“Racism is sin,” the court evangelical Rev. Robert Jeffress said last week. “Period.”
This statement is right and true and accurate. It seems helpful and constructive. It seems straightforward and unambiguous. That’s all good.
But, alas, once we inspect this statement a bit we find that it’s not quite so clear. There are layers of ambiguity here which can make such an apparently forceful statement confused and confusing. Rather than providing moral clarity, this ambiguity can wind up leading us morally astray.
We discussed one aspect of this last week, examining the way that Jeffress seemed to use this statement to redefine “racism,” limiting it to only that from which he could declare himself to be innocent. In the wake of Charlottesville, Jeffress was saying that violent Neo-Nazis threatening synagogues and running down pedestrians in the street were an example of racism. That’s true! But he also seemed to be suggesting that “racism” was confined to such overt, explicit acts of deadly hate. And therefore that anything else — anything less overt and explicit and deadly — was something other than “racism.”
And thus, therefore, that he personally must be found innocent of the charge of racism because, after all, he was not marching with torches, chanting Nazi slogans, or burning crosses. This seems to be the primary function of many of the public condemnations of “racism” we have seen performed over the past 10 days. It’s a familiar script. “Racism is sin,” the script says, but the purpose seems less to condemn the sin than to demonstrate the innocence of the person reciting that script.

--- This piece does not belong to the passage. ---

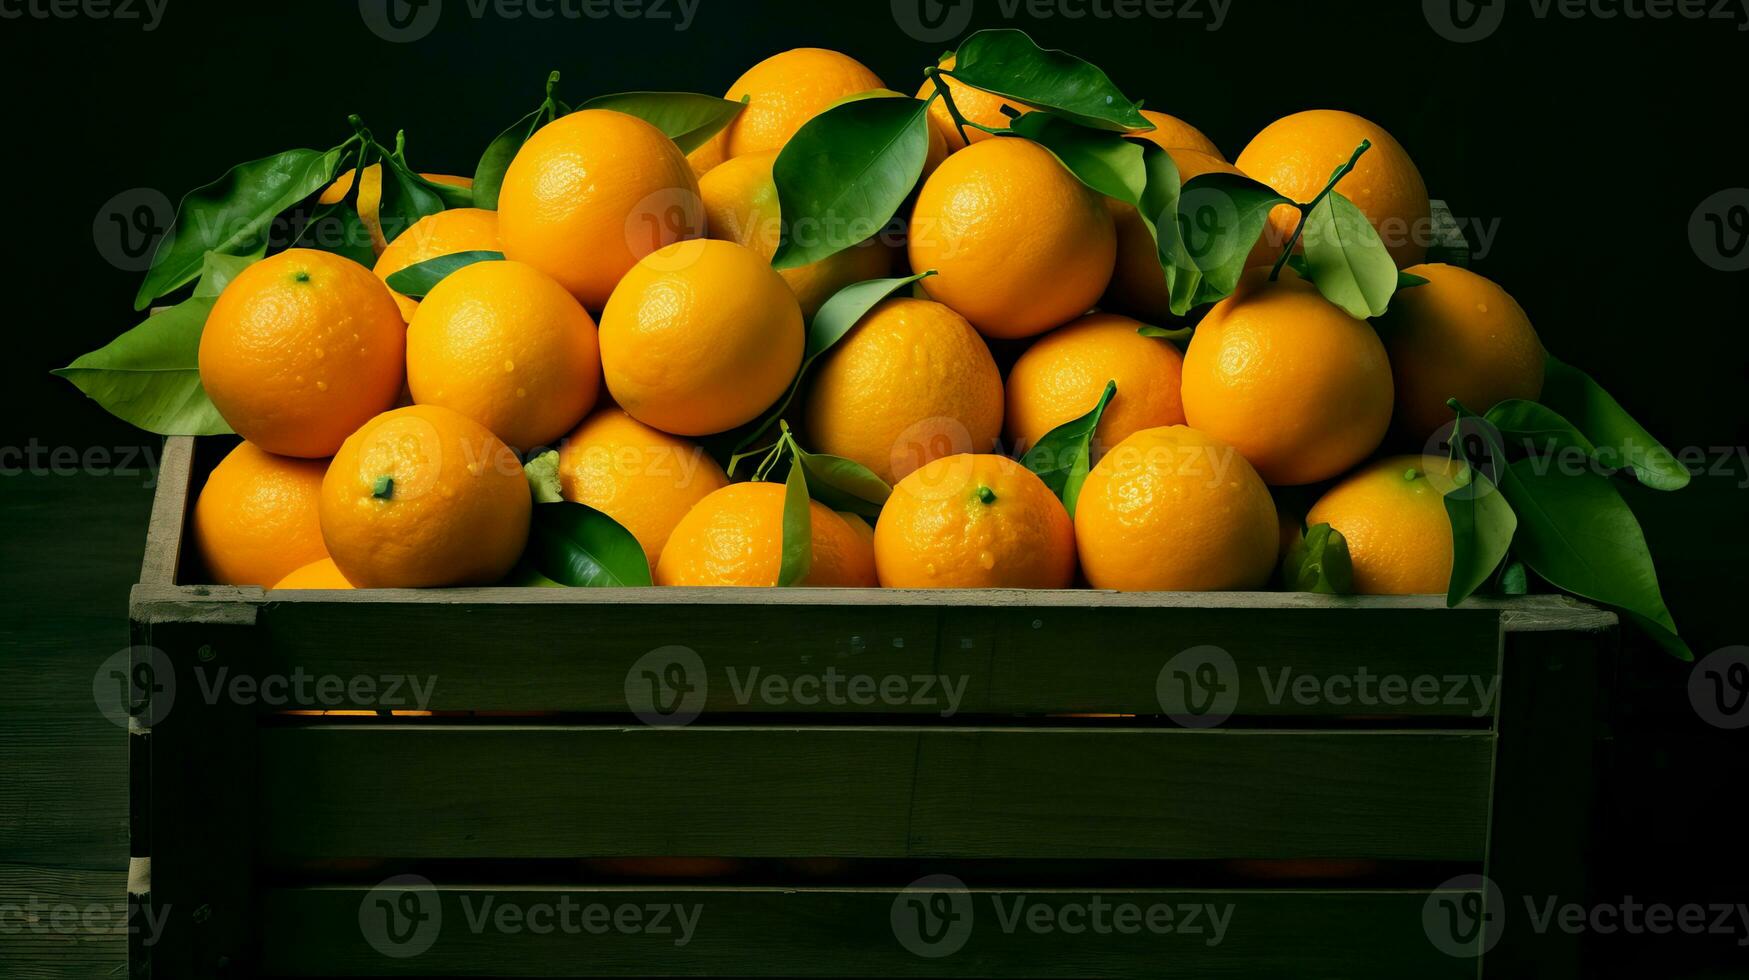 boîte avec des oranges sur une noir Contexte. en bonne santé nourriture, vitamine c, super aliment. photo

The apparent clarity of this blunt statement — “racism is sin” — gets muddied by a confused understanding of the first half of that equation. And it gets further muddied by a confused understanding of the other half as well — by a muddled and misleading notion of the meaning of “sin.”
When white evangelicals discuss sin, it’s often in the context of sin and salvation — of evangelism. Popular approaches to evangelism as practiced by evangelicals take a prosecutorial, adversarial approach to sin. The first piece of this “gospel” message is usually “You’re a sinner.” The “Bridge illustration” starts by asserting the existence of an insurmountable chasm of sin separating us from God. The “Romans Road” presentation of “the gospel” starts with “all have sinned” and then segues into “the wages of sin is death.” Even the “Wordless Book,” designed to present the plan of salvation for children, begins with the prosecution’s case as illustrated by the sin and guilt of the “dark” page.
(This is perhaps an odd way to begin “sharing the gospel.” The first step for the evangelist becomes convincing the would-be convert of their sin and guilt. The evangelist thus acts as the accuser. There’s a formal, biblical name for “the accuser” or “the adversary.” That name is not usually associated with evangelism.)
We should note, though, that this prosecutorial discussion of sin is always universal. “All have sinned and fall short.” “There is none just, no not one.” When the evangelist accuses the would-be convert of sin, they’re not suggesting this that this makes that person exceptional. “You’re a sinner. I’m a sinner too. We’re all sinners.”
This sincere, emphatic insistence on the universality of sinfulness is interesting in light of the claim we’re discussing here. Say, “You’re a sinner, too” to even the most piously devout evangelical and they will wholeheartedly agree. They will almost happily agree — without any trace of offense or indignation. They may even up the ante — enthusiastically insisting that their sin means they’re no better than anyone else, because breaking one commandment is the same as breaking all of them, or because entertaining sinful thoughts is just as bad as committing sinful acts.
“You’re a sinner too!” “Yes, yes, I am. We all are.” And this cheerfully unoffended agreement can even endure if the shared accusation is made more specific.
“You’re a liar, too!” “Yes, we have all missed the mark of perfect honesty.”
“And you’re an adulterer, too!” “Yes, yes, we’ve all entertained lust in our hearts.”
But this comes crashing to a halt when we arrive at “racism is sin.” Somehow it’s perfectly fine and wholly agreeable to insist that we’re all sinners, but we get angrily indignant and defensive if anyone suggests that we’re all racists. This particular sin seems to be regarded differently than most other sins. It seems to be the one sin we are incapable of confessing, the one sin we refuse to allow ourselves to be accused of.
That’s … interesting. Evangelist-prosecutors wouldn’t allow anyone to speak this way of any other sin. They would never accept such an indignant claim of total innocence from any would-be convert who asserted that they had never lied or stolen or envied or lusted. But this sin, somehow, is different.
It’s astonishing, if you think about it. People who are perfectly willing to admit that they are wretched sinful sinners deserving to suffer an eternity of conscious torment in Hell due to their wicked sinfulness will turn on a dime and proclaim their absolute innocence when it comes to one particular sin.
Perhaps this is because they know themselves to be wholly innocent of this particular charge.
Perhaps it is because they know themselves to be utterly guilty of it.
Part of the problem here, I think, has to do with the more general misunderstanding of what “sin” means that I mentioned above. Getting into that will require a bit more discussion, so let’s reserve that for a second post.